Malheureusement, les concentrations des ligands organiques dans les eaux naturelles sont très mal connues. De plus, les constantes de complexation qui définissent les interactions entre ces ligands et les métaux sont aussi mal connues. Enfin ces modèles de calcul de spéciation supposent que les solutions sont à l'équilibre ce qui est rarement le cas dans les eaux naturelles. La détermination de la fraction ionique libre d'un métal dans un milieu aquatique reste un grand défi pour la chimie environnementale comme l'ont souligné Tusseau-Vuillemin et al. (2003).

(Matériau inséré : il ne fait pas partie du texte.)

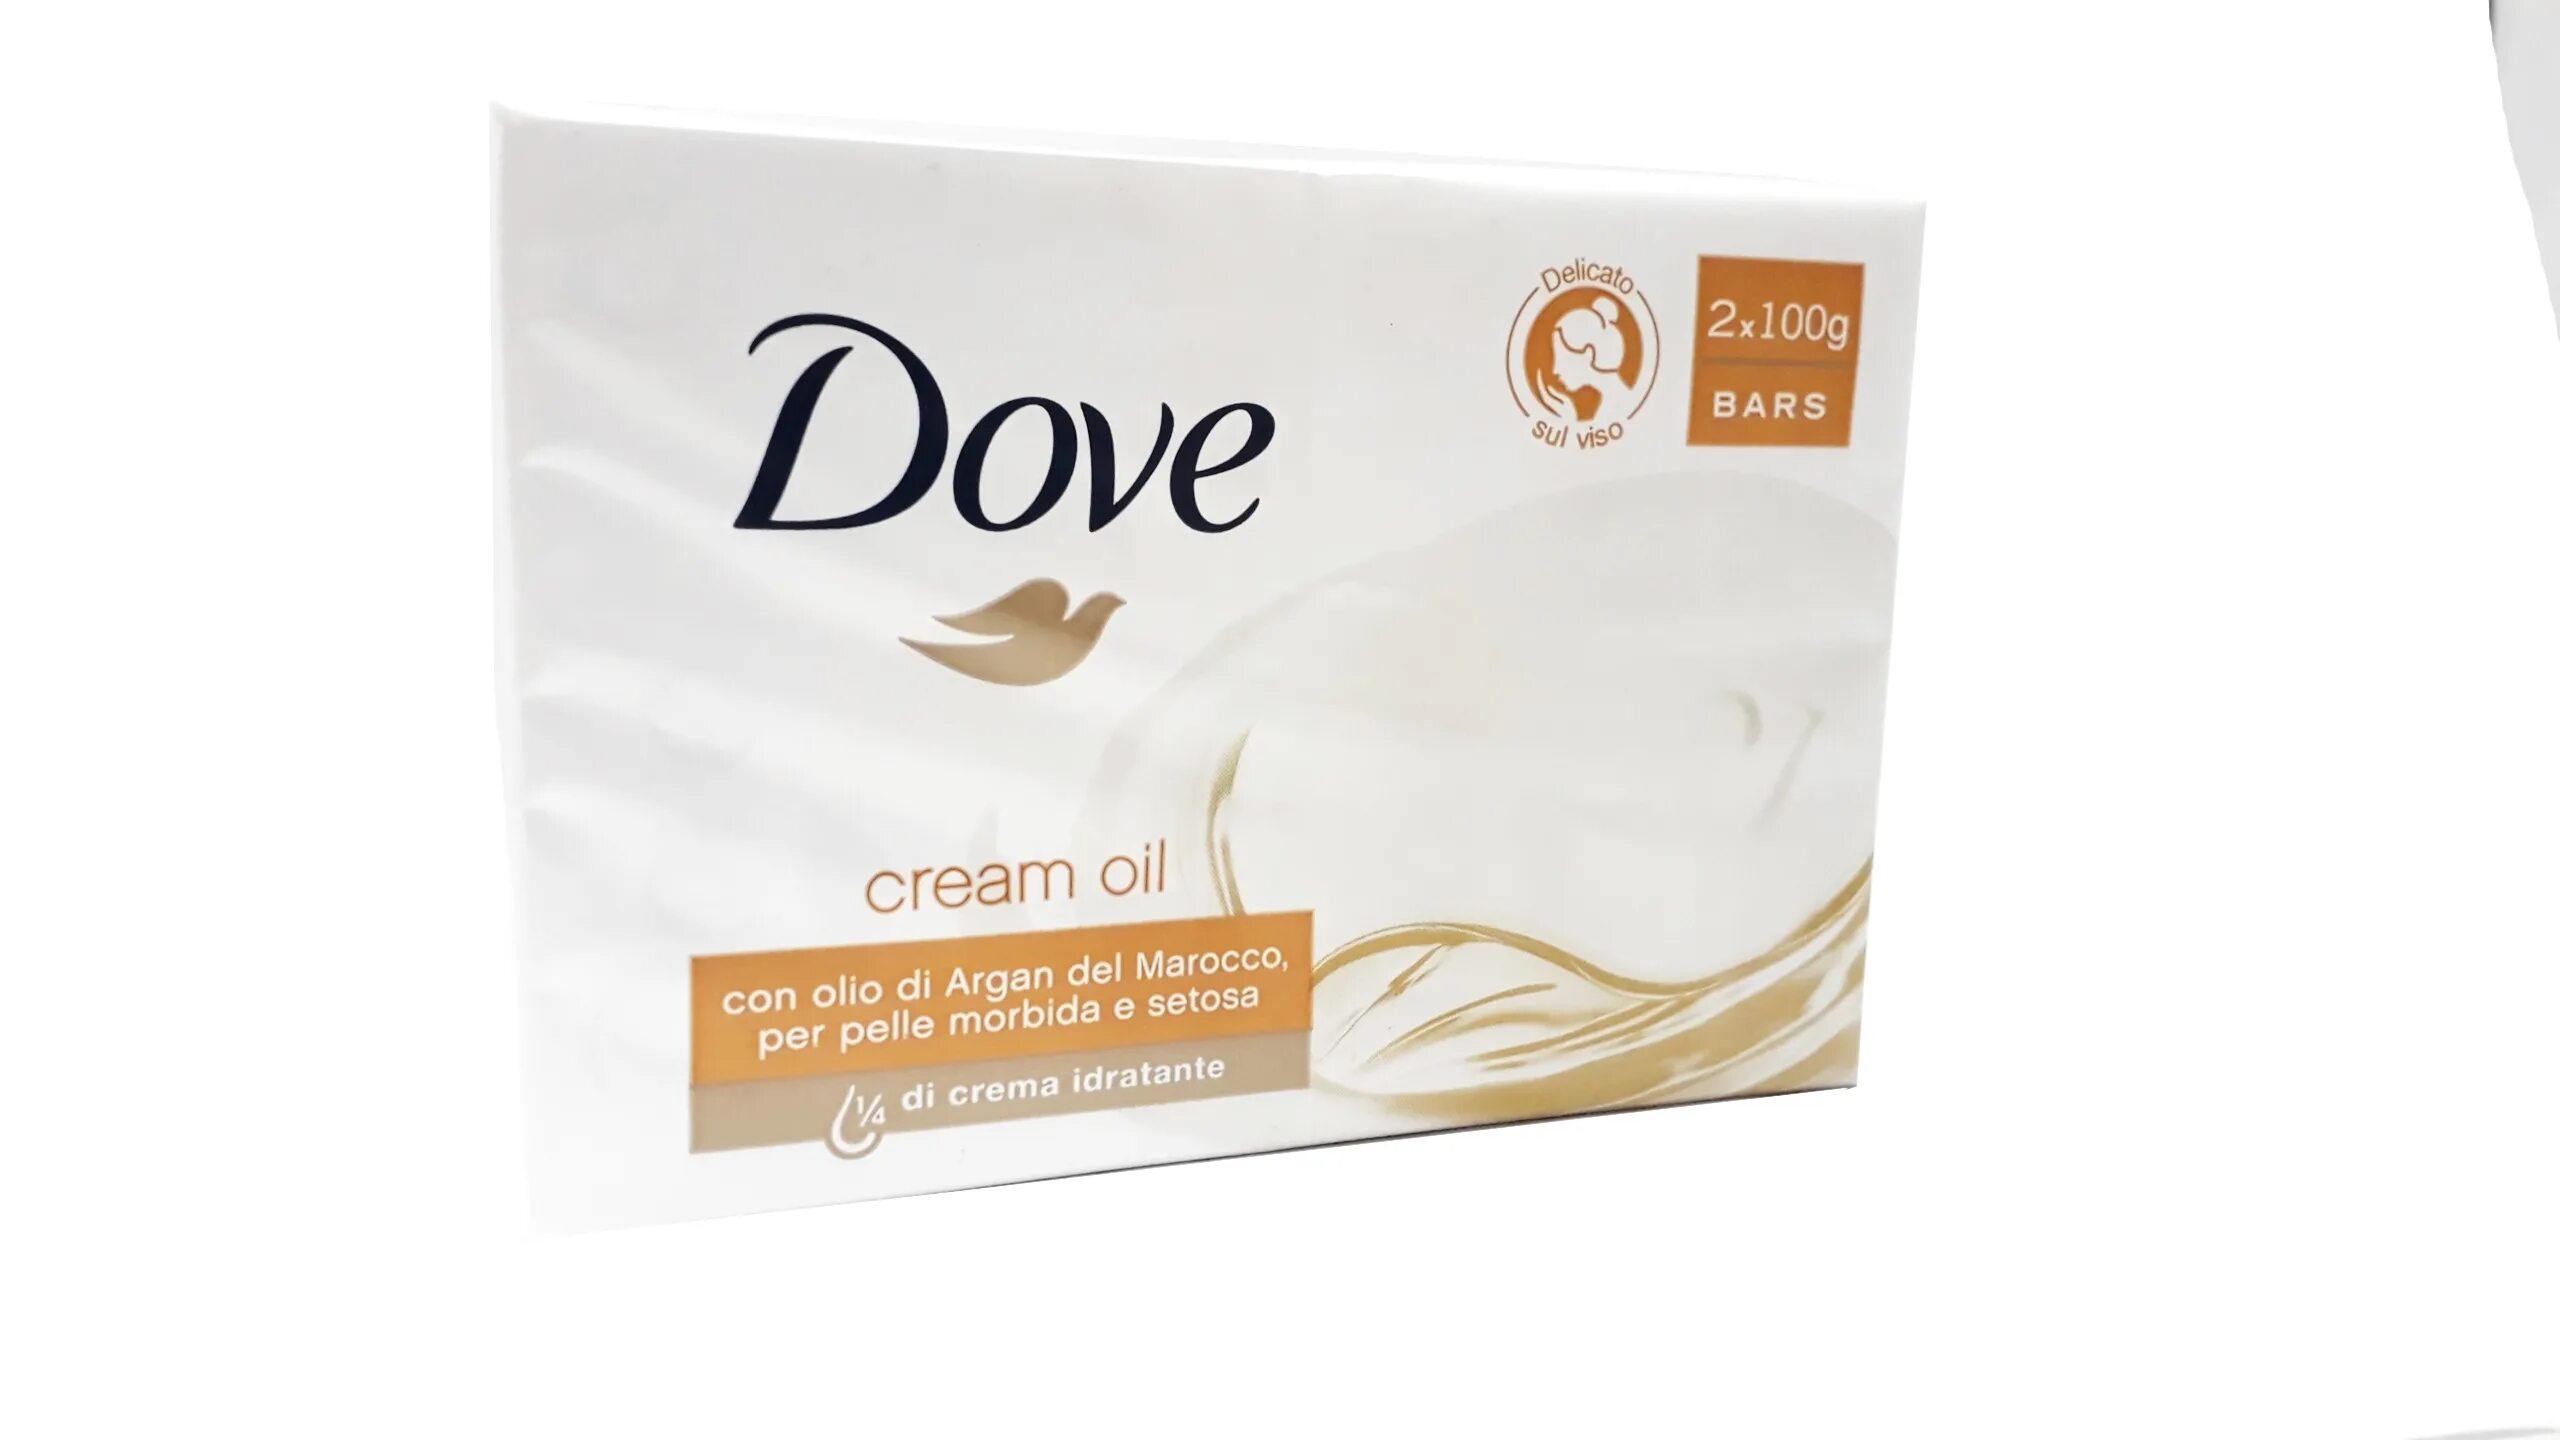 Туалетная мыло дав. Мыло dove Oil. Dove 100 gr Cream Oil. Мыло dove драгоценные масла, 100гр. Dove крем-мыло Argan Oil 135г.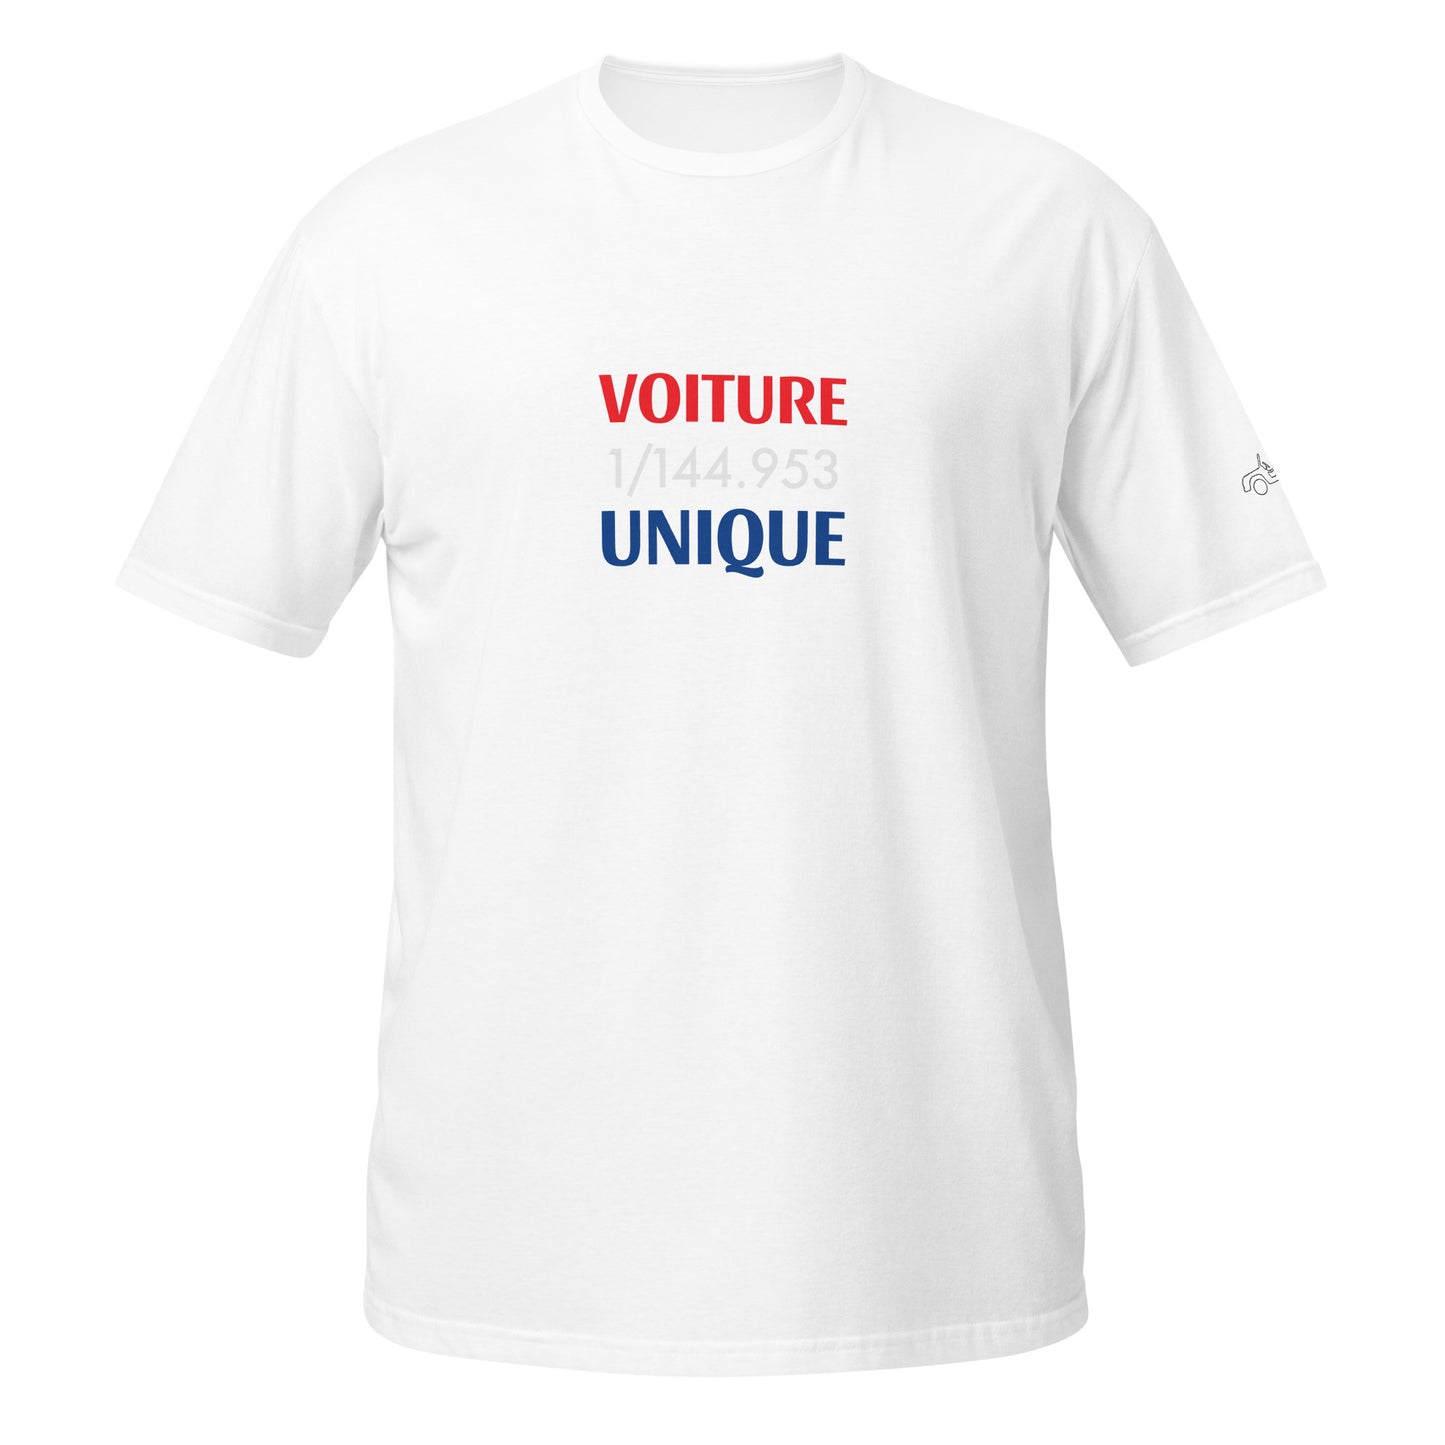 1/144.953 Voiture Unique Citroën Méhari T-shirt uniseks - Zwart, Navy of Wit

3.3 Modélisation de la biodisponibilité/toxicité

Le modèle de l'ion libre (FIAM) (Morel 1983) fut le premier modèle théorique permettant d'expliquer la biodisponibilité du métal libre pour les organismes simples. Par la suite est apparu le Biotic Ligand Model (BLM) (Di Toro et al. 2001). Dans ces modèles, la cellule biologique comporte des sites de surface susceptibles de complexer les métaux. Le flux de métaux incorporés dans la cellule est proportionnel à la concentration de métal fixé sur ces sites. Les différences entre ces deux modèles sont dans la prise en compte explicite (FIAM) ou implicite (BLM) des constantes de stabilité des ions entrant en compétition avec les métaux pour la complexation à la surface des cellules. Ces modèles prédisent que la complexation d'un métal réduit sa biodisponibilité. Le BLM a été récemment étendu avec succès aux micro-crustacés (Santore et al. 2001; De Schamphelaere et al. 2002) et au phytoplancton (Campbell et al. 2002; De Schamphelaere et al. 2005). Cependant, des exceptions aux prédictions du BLM ont été mises en évidence expérimentalement (Campbell et al. 2002). Ces modèles ne sont valides que si l'internalisation des métaux par la cellule est un processus lent au regard de la complexation à la surface des cellules et donc qu'un équilibre s'établit entre les complexes de surface et la solution, ce qui n'est pas toujours le cas. Par ailleurs, ces modèles supposent que l'internalisation des métaux se fait par un transport cationique, lequel peut être modifié par un effet de compétition (Vasquez et al., 2000) ou à une modification de la perméabilité de la membrane liée à la présence de divers composés (Penntinen et al., 1998).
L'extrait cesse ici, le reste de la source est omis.